With persistent storage enabled, every shard is composed as LayeredStorage(InMemoryLruStorage, CowTreeStorage). Reads first consult the in-memory LRU cache (L1) and only fall through to the on-disk B+tree (L2) on a miss; the L2 result is then mirrored into L1 with L2's CAS preserved, so subsequent CAS / Get calls return the same token whether they were served from RAM or disk. Writes pass through L2 first (canonical CAS) and then mirror into L1. --max-memory is the L1 byte budget; the on-disk file grows independently as needed by the workload.

Run with 30% of host RAM and a persistent cache file

# Linux / macOS — persist to ~/.cache/fastcached/cache.cow,
# budget = 30% of total host RAM, fsync-on-commit durability.
mkdir -p ~/.cache/fastcached
fastcached \
    --port=11211 \
    --max-memory=30% \
    --storage=$HOME/.cache/fastcached/cache.cow \
    --storage-durability=fsync &

export SCCACHE_MEMCACHED=tcp://127.0.0.1:11211
sccache g++ -std=c++23 -c hello.cpp -o hello.o
# Windows (PowerShell) — same idea, %LOCALAPPDATA% for the cache directory.
New-Item -ItemType Directory -Force "$env:LOCALAPPDATA\fastcached" | Out-Null
Start-Process fastcached -ArgumentList `
    '--port=11211', `
    '--max-memory=30%', `
    "--storage=$env:LOCALAPPDATA\fastcached\cache.cow", `
    '--storage-durability=batched'

$env:SCCACHE_MEMCACHED = 'tcp://127.0.0.1:11211'

The first run writes entries to disk; stop the daemon (Ctrl-C, kill, or a power loss) and start it again with the same flags and the cache picks back up from where it left off — no warm-up.

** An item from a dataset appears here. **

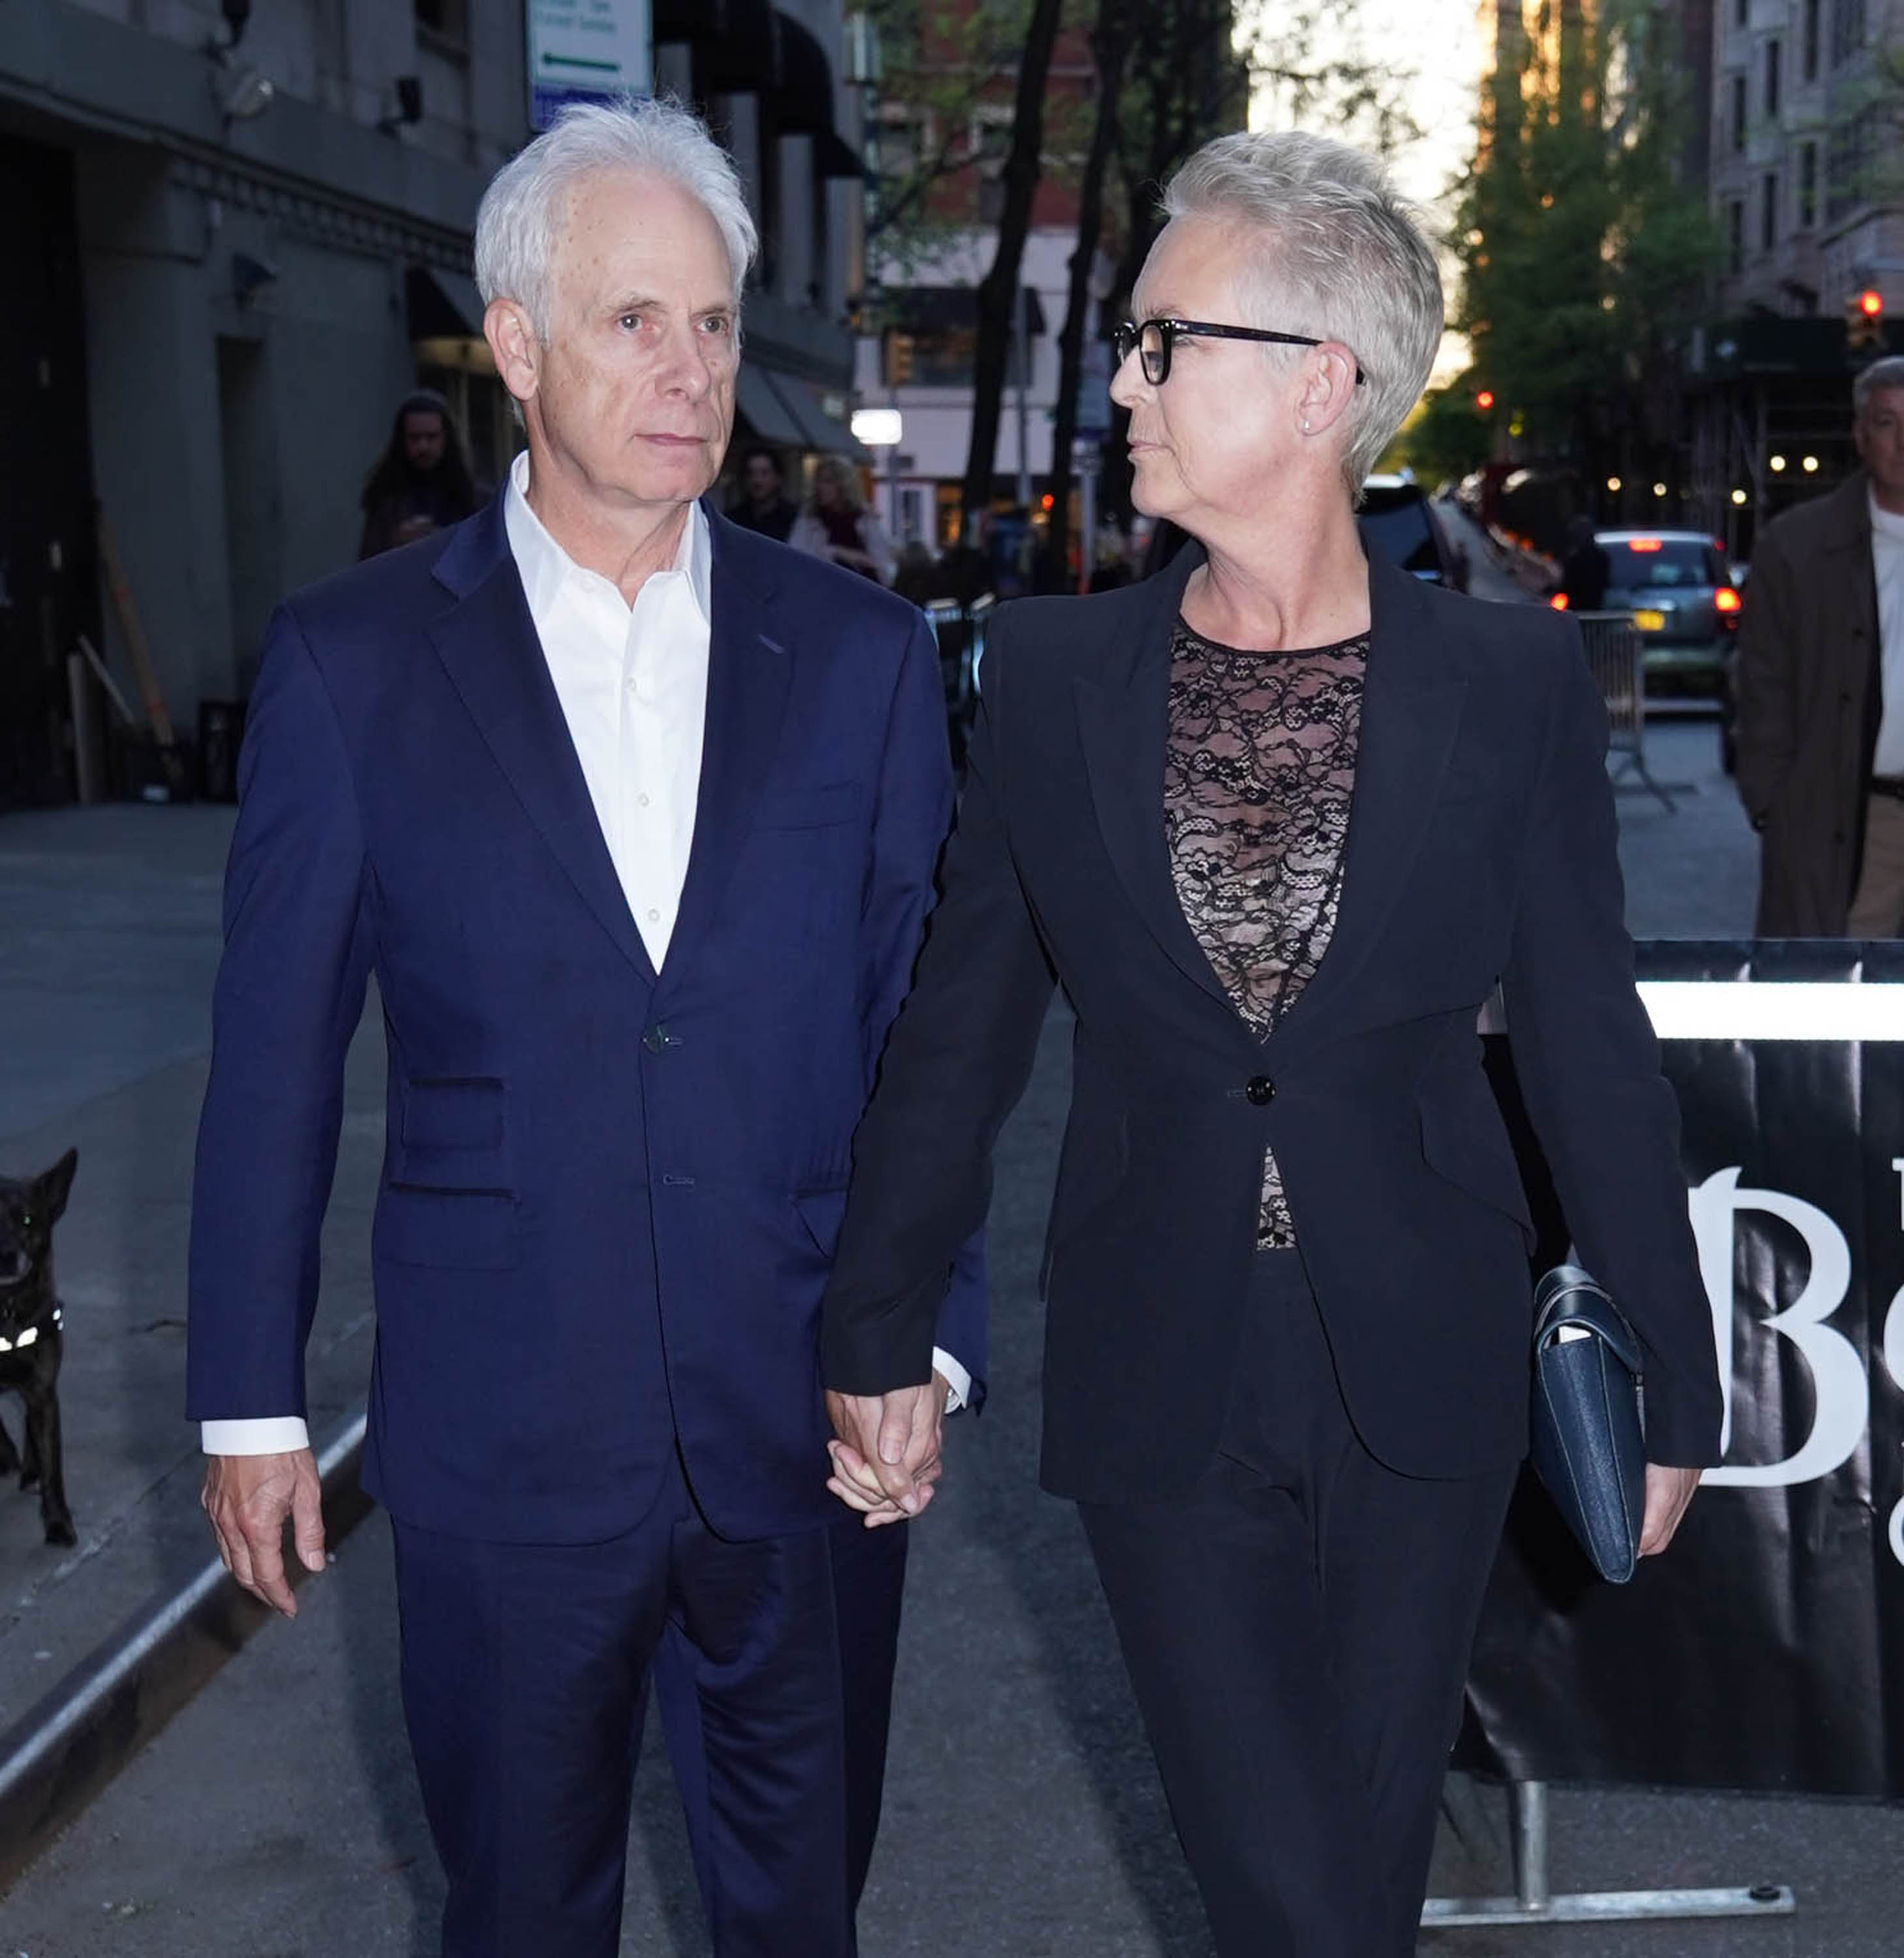 Jamie Lee Curtis and Christopher Guest are seen in New York City on April 27, 2019 | Source: Getty Images

Concurrency: reactor + sharded storage

fastcached serves connections on a reactor — one event loop (IOCP / epoll / kqueue) multiplexes every connection, so concurrent clients are bounded by memory rather than a worker count. --threads=N runs N independent reactors (default hardware_concurrency()), each a single-threaded loop pinned to its own core, with every connection pinned to one reactor for its lifetime — so the server scales across cores without any cross-thread coroutine migration. On Windows the reactor is additionally drained by several threads so a blocking page-store fsync overlaps with serving other connections.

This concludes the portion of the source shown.